C’era una volta il flop… Che nostalgia, almeno l’anno scorso ci si divertiva, di questi tempi, a massacrare il nuovo senza per questo rimpiangere il vecchio. In fondo, criticare rende da sempre vivi sia noi telespettatori che la tv in sè, mentre assistere imperturbabili a una stagione così stitica è la negazione di qualsiasi sadismo televisivo.
Non a caso, in mancanza di spunti più attuali, il sottoscritto si diverte ancora a veder riesumata la feccia dell’annata passata.
Lo ha fatto, ad esempio, Alba Parietti in una delle ultime puntate di 12° round, ammettendo che il suo Wild West era brutto e che “non si può rendere come una Ferrari se ti danno una 500″.
Guardate, invece, come ne parlava entusiasta in occasione del lancio:
“Quello che a me interessa è che questi ragazzi sono stati scelti non tanto per il loro aspetto più o meno “glamour”, quanto per le storie di vita che si portano dietro, tutte, secondo me, straordinarie”.

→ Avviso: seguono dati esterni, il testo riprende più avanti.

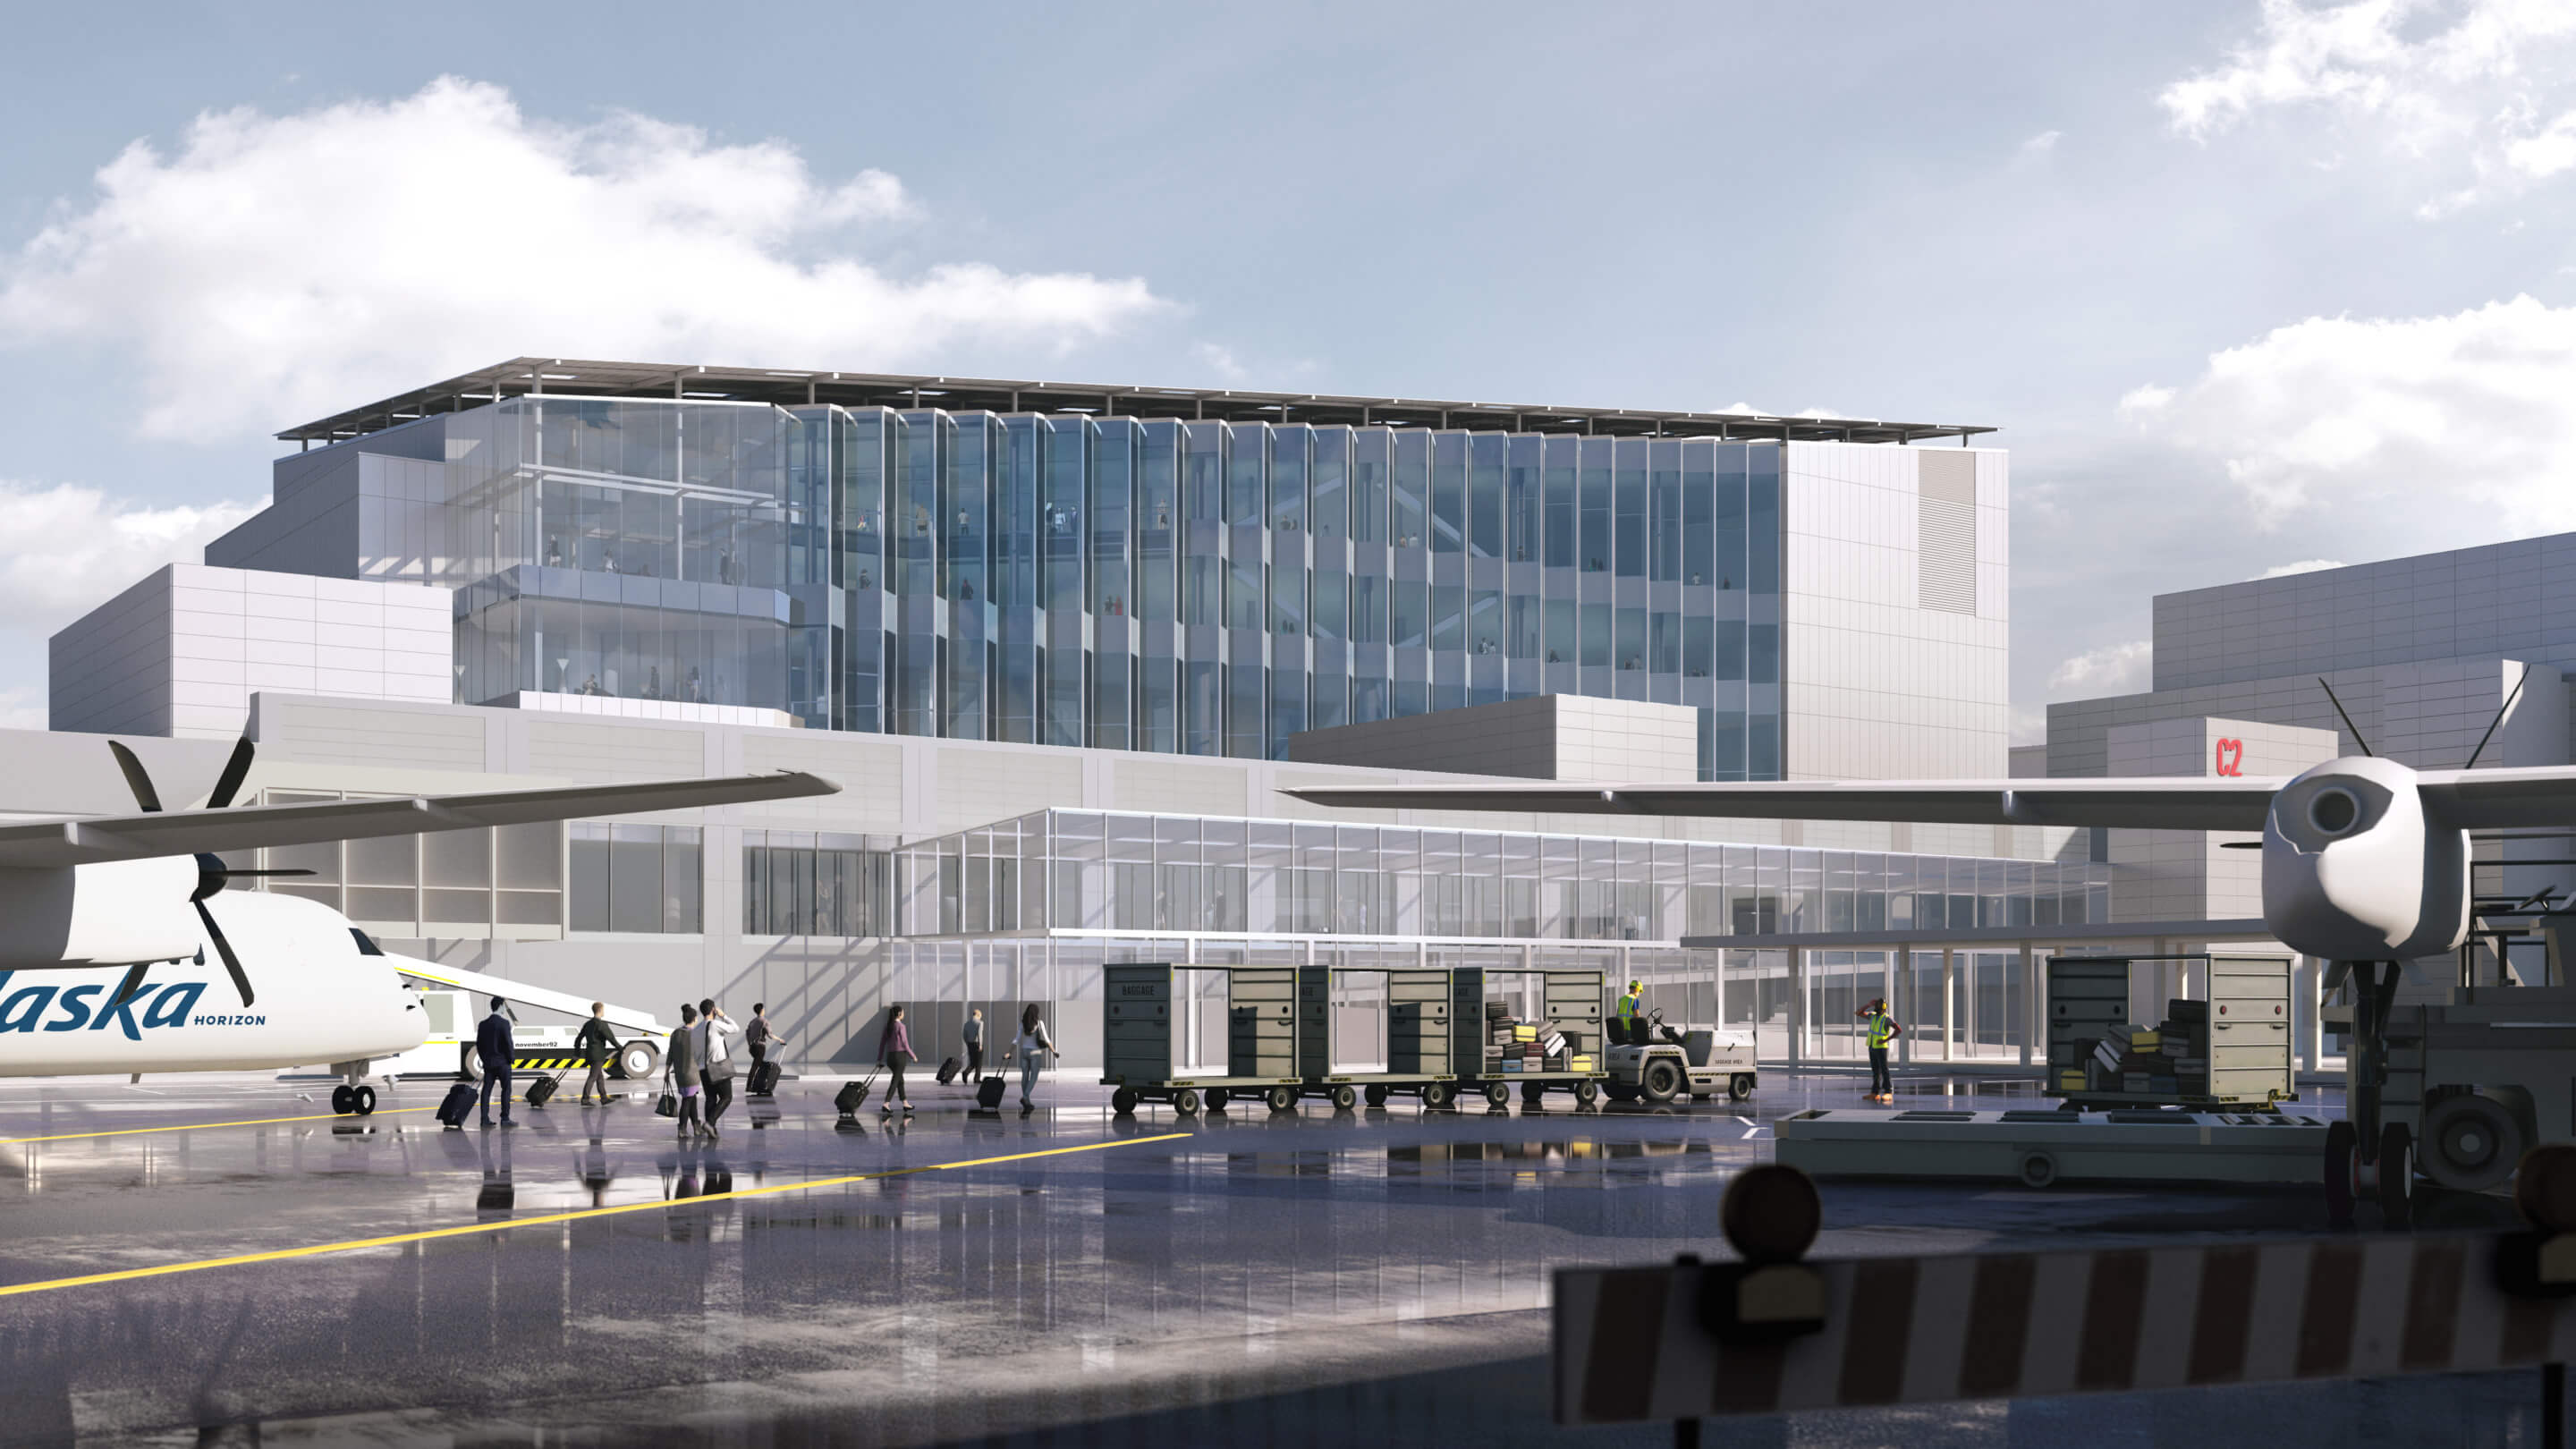 exterior rendering of an airport concourse

Ecco invece come ne prendeva le distanze all’indomani del flop. Fate bene attenzione, il tono è già più scettico ma ancora ugualmente fiducioso nelle sue potenzialità inespresse:
“Noi abbiamo pagato questo momento schizofrenico della programmazione televisiva, dove tutti sono contro tutti, e anche una indubbia crisi del genere reality. L’Isola dei famosi era partita con meno telespettatori al seguito, ma può contare sullo straordinario successo delle edizioni precedenti e su una “miracolosa” controprogrammazione. Beati loro. Mah, forse è anche un problema di budget: il nostro era molto basso”.
E ora, invece, bando agli alibi. La Parietti è tornata sul luogo del delitto giudicandolo obiettivamente efferato e disconoscendolo dal proprio curriculum (perché lei funziona solo a Grimilde, vero Massy?).
Stessa ipocrita sorte è toccata a Fabio Canino, che prima ha creduto fortemente nel suo Votantonio, al punto da smentire il plagio di un’idea di Paolo Bonolis, poi si è dichiarato lusingato di essere finito nel paginone spettacoli con pezzi grossi come Funari e la Ventura, infine, nella prima puntata di Very Victoria, ha finalmente messo le carte in tavola…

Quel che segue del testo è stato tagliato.